All these offices couldn't stop him from what he saw as his main task: for the good of his institute and for the prosperity his specialty, virology, to work. He loved the experimental work. Until the end his professional career he could in the laboratory be encountered. There he sat in the white smock buttoned on the back next to Michaela Orlich, unfortunately his too already deceased technical assistant, in order to give her, as he used to say, instructions to get how to go on should.
In 1994 Rudolf Rott retired. Jurgen Thiel, his successor, he was able to do well Institute handed over. One year old Stay at the Wissenschaftskolleg in Berlin has secured him the departure from office made easier. Our company stayed he is closely related. The evolution of virology, especially those in recent years increasingly public discussion virological He has problems with great interest tracked. His advice was asked and gladly given.

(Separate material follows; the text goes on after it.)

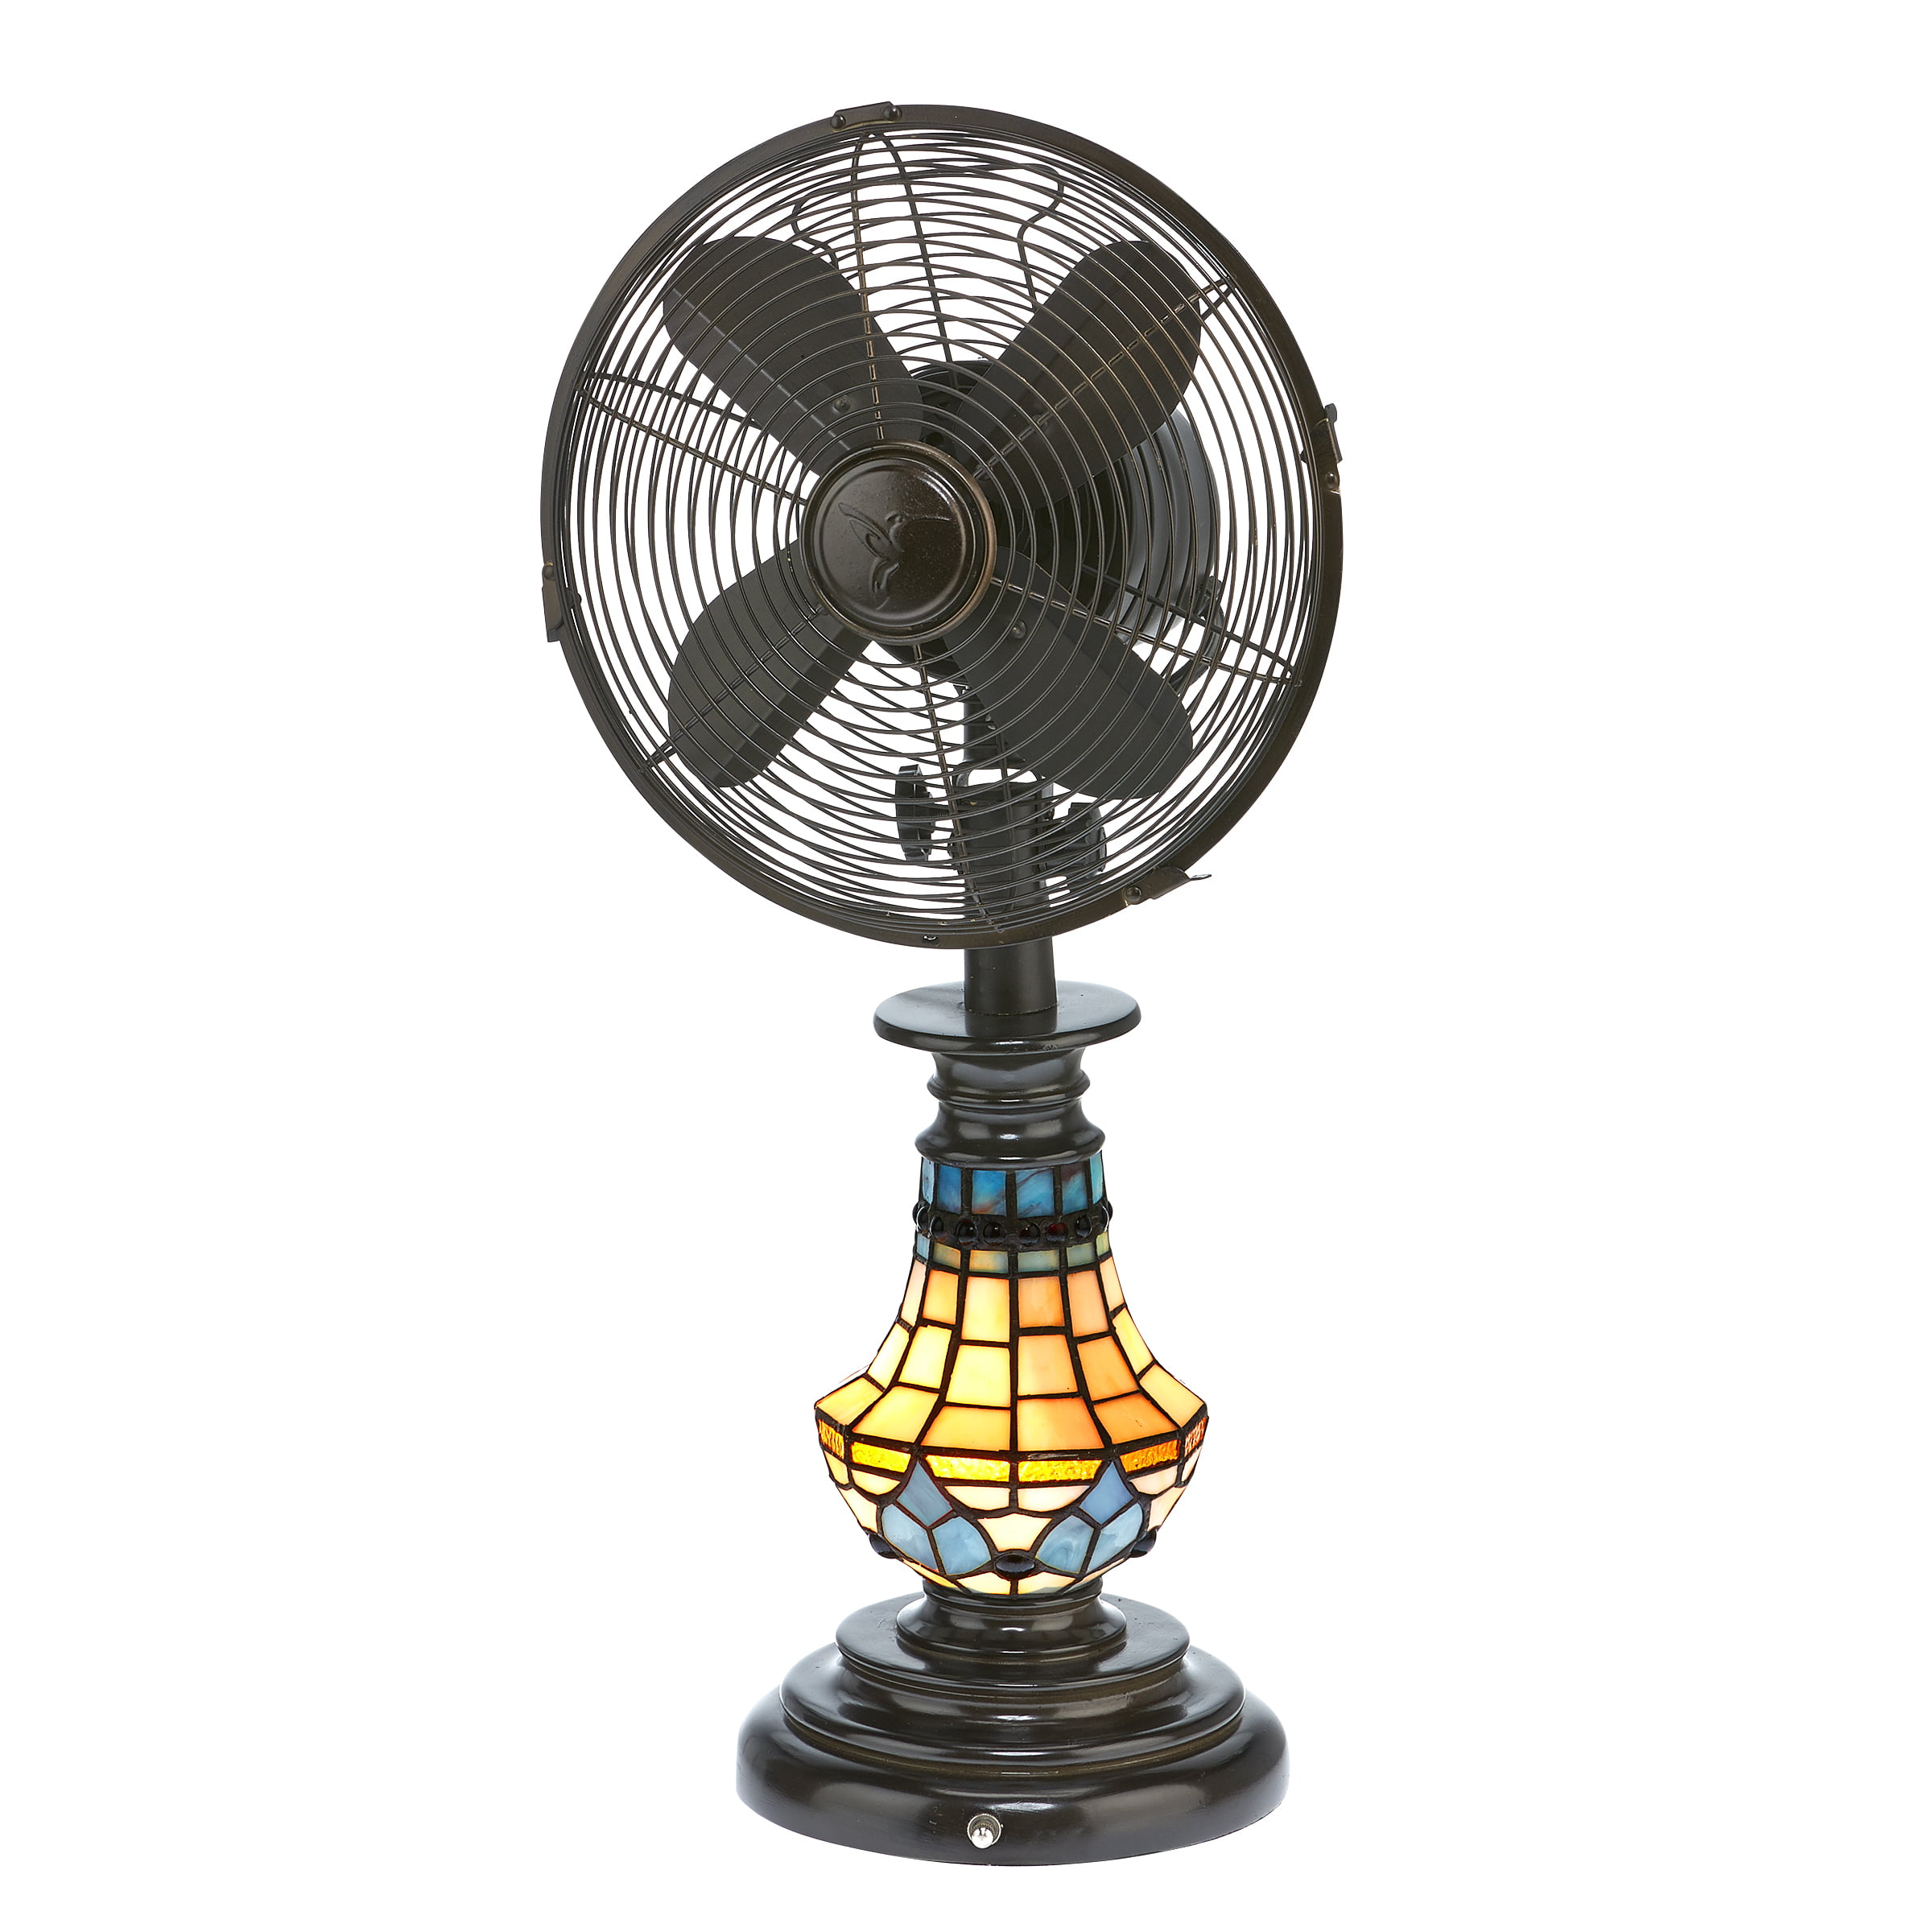 Decobreeze Oscillating Table Fan And, Vintage Fan Table Lamp

Some of the people in this room probably have Rudi with them a small symposium held on the occasion of his 75th birthday in the summer 2 years ago took place, last seen. It was admirable and moving to see like him, already badly marked by the disease, it didn’t take away that listen to most of our lectures. I would like to finish with Yoshi Nagai again Have a say on this day wrote:
"Rudi had many students, coworkers, and collaborators, including us from Japan. I am sure that all of them also admired Rudi as I do for his strong scientific capability and fine personality and appreciated his paternalism. They met him at a reunion to celebrate his 75th birthday in 2001, but I could not be there for a personal reason. While apologizing to Rudi for my rudeness on the phone, I learned that he had already been fighting against the disease. ‘Yoshi, don’t forget Gießen! ‘These were his last words to me. My reply what ‘Never.‘ ”
We all who knew him will become Rudolf Don't forget Rott. He was a great scientist a respected colleague and a good one Friend. So he becomes in our memories and stay in our hearts.